CONTRIBUCIONES DESDE LA ETNOHISTORIA


Son muchos los nudos problemáticos que se han generado acerca de los procesos de formación de la identidad. En este ensayo solo desarrollaremos dos de ellos, que por sus características generales, nos permitirán analizar la fertilidad de la confluencia entre la Antropología y la Historia, en el campo específico de la etnohistoria. Los trabajos con los que ejemplificaremos son todos ellos, estudios de caso, bien delimitados en espacio y tiempo. En la dimensión temporal y a los fines analíticos, nos hemos permitido hacer una dicotomía, que nos facilite la tarea de comparación. Distinguiremos entonces, estudios de larga duración y estudios de corta duración y observaremos como cada uno de estos enfoques trabaja las dos problemáticas específicas sobre la formación de la identidad, que desarrollaremos. Si nuestra hipótesis es correcta, los estudios de caso, en la búsqueda de una comprensión sobre procesos históricos de cambio, encuentran una salida para problemas que se presentan en un nivel teórico, como sin escapatoria. La elección del tamaño de la escala de observación (macro o micro), presenta a nuestro modo de ver, una estrategia metodológica fértil según las necesidades de análisis. Según Auge:


"...supone para el historiador, o bien la posibilidad de captar una dimensión del tiempo (la larga duración) que no somete su observación a las perturbaciones producidas por cambios demasiado rápidos, o bien la posibilidad (puesto que no se puede detener el tiempo) de establecer un marco sincrónico fiable que entraña además la posibilidad de establecer el valor ejemplar de estudios de casos muy circunscriptos, o bien aún la posibilidad de aprehender simultáneamente permanencias formales y cambios funcionales" (1995:22).
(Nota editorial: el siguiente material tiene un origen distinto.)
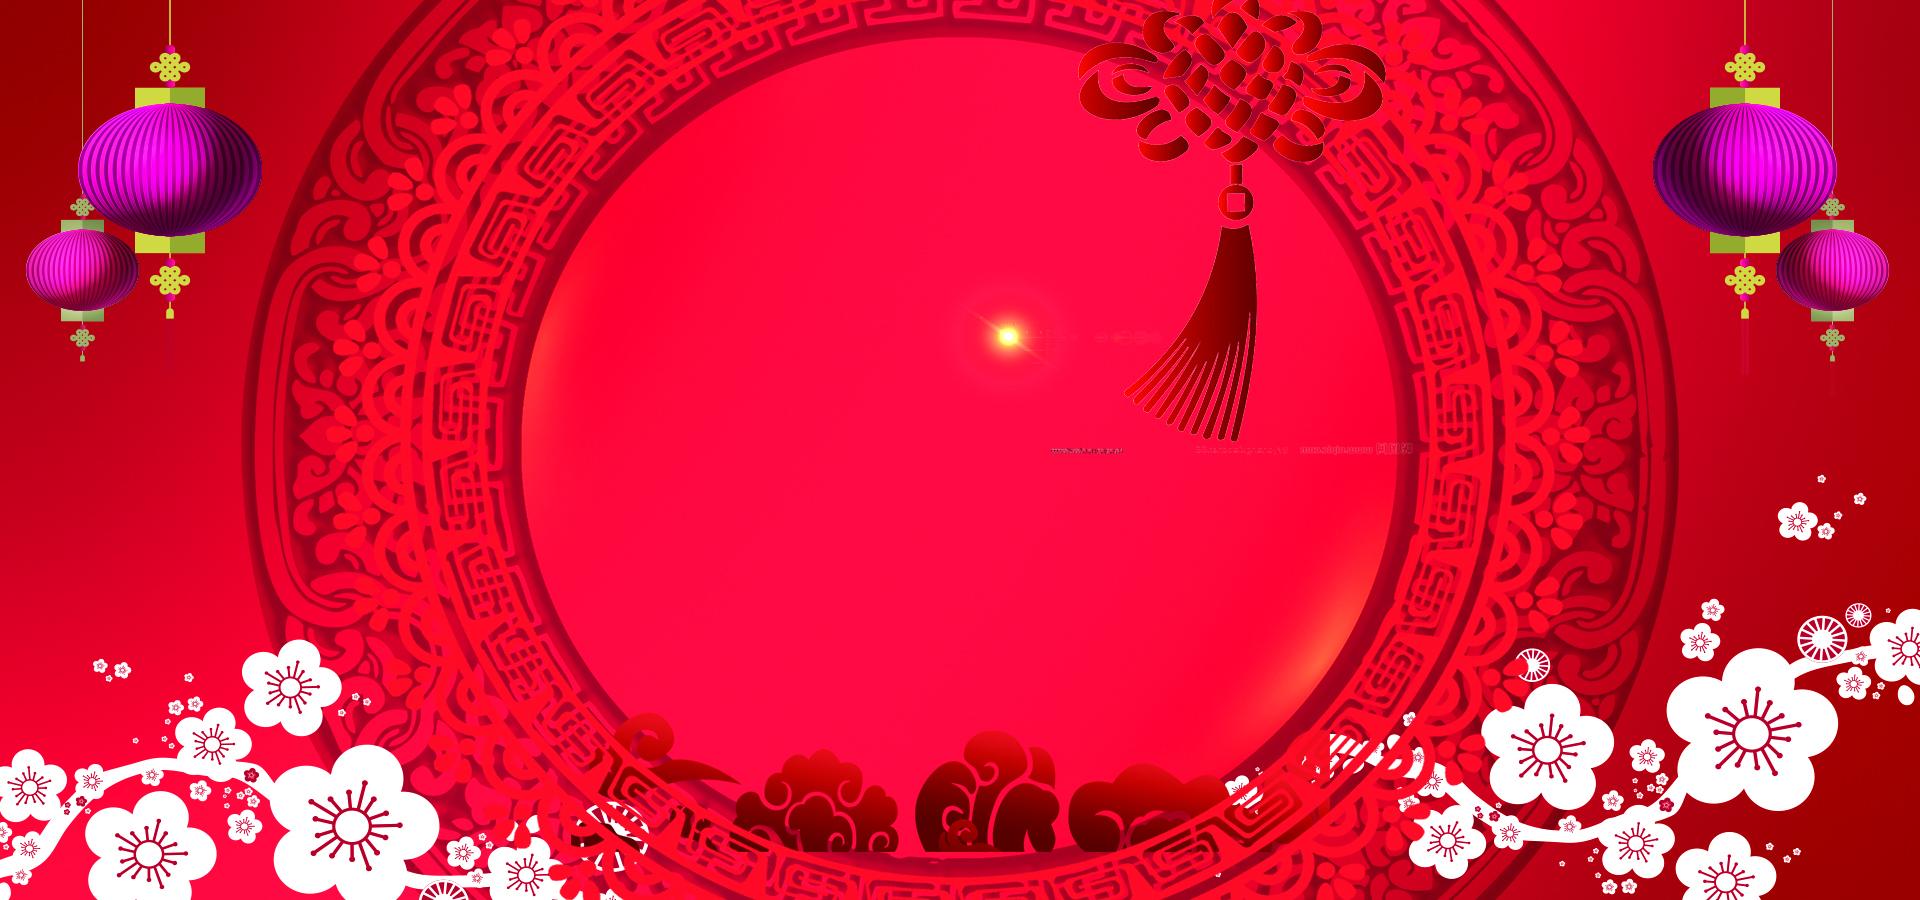 le nouvel an chinois de noeud de fond de commerce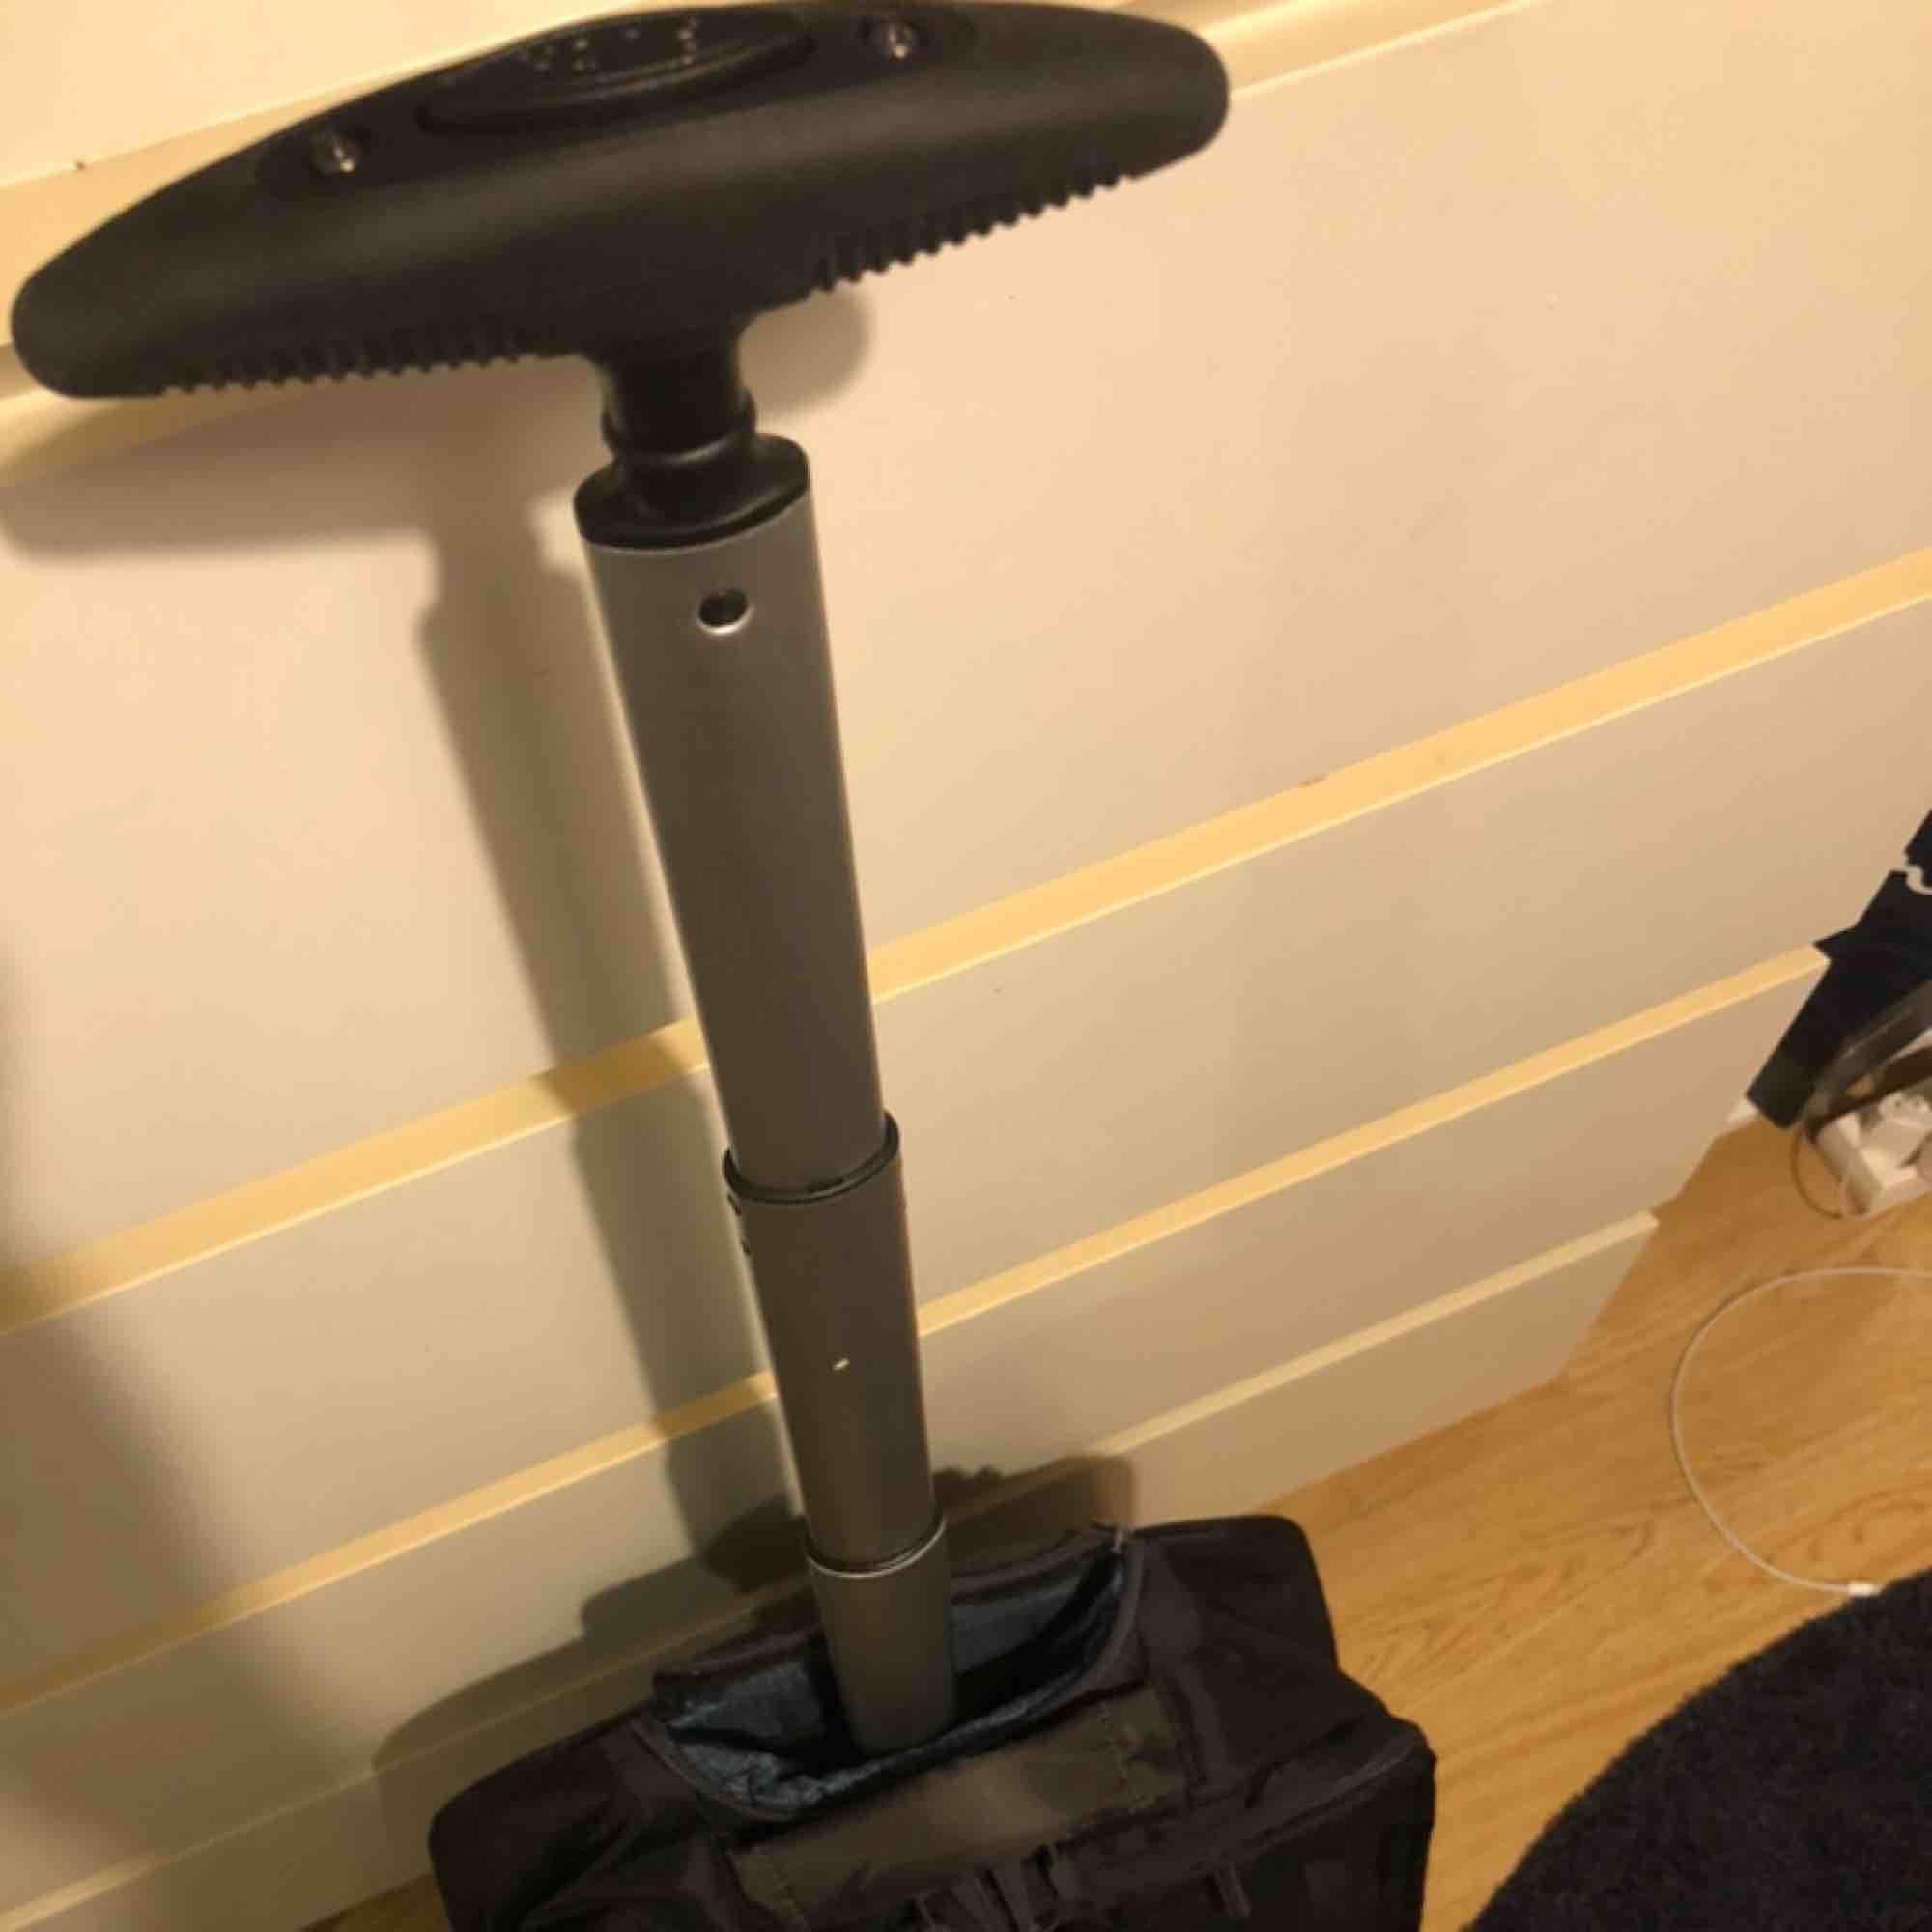 Helt ny Samsonite resväska som aldrig använts. Den har bra fack för dator och andra tillbehör. Den har hjul och ett långt och robust handtag som man kan gömma undan. Sen kan man bygga om den till en ryggsäck då det finns axelremmar som man kan koppla fast. Väskor.

ENFOQUES PSICOLOGISTAS FRENTE A ENFOQUES SOCIOLOGISTAS. EL APORTE DE LOS ESTUDIOS DE CORTA DURACION


Un problema aún no resuelto dentro del debate sobre la formación de la identidad, es el que alude a la confusión de los niveles psicológico y sociológico. Este podría ser entendido como un problema de "doble lectura", y arraiga en el hecho de que tanto la psicología como la antropología han utilizado el término, aunque dándole aplicaciones diferentes:


"...las circunstancias teóricas, los condicionantes sociohistóricos y las dimensiones del concepto de identidad son comparables en antropología y en psicología. Creemos que hubo una innegable influencia en este tema desde la psicología hacia la antropología, en donde la noción de identidad adquiere un uso más preciso en la psicología, referida a la formación de las característícas psicológicas globales del niño, a las crisis de vida con foco en la adolescencia, a determinadas facetas de la salud mental" (Ringuelet, 1992:123). Juliano (1992), señala que existe una frecuente confusión entre la identificación personal y la identificación étnica, en la que se transfieren características de lo individual a lo colectivo. Ambas estrategias de investigación responden a dos marcos interpretatívos opuestos: el culturalismo y el psicologismo.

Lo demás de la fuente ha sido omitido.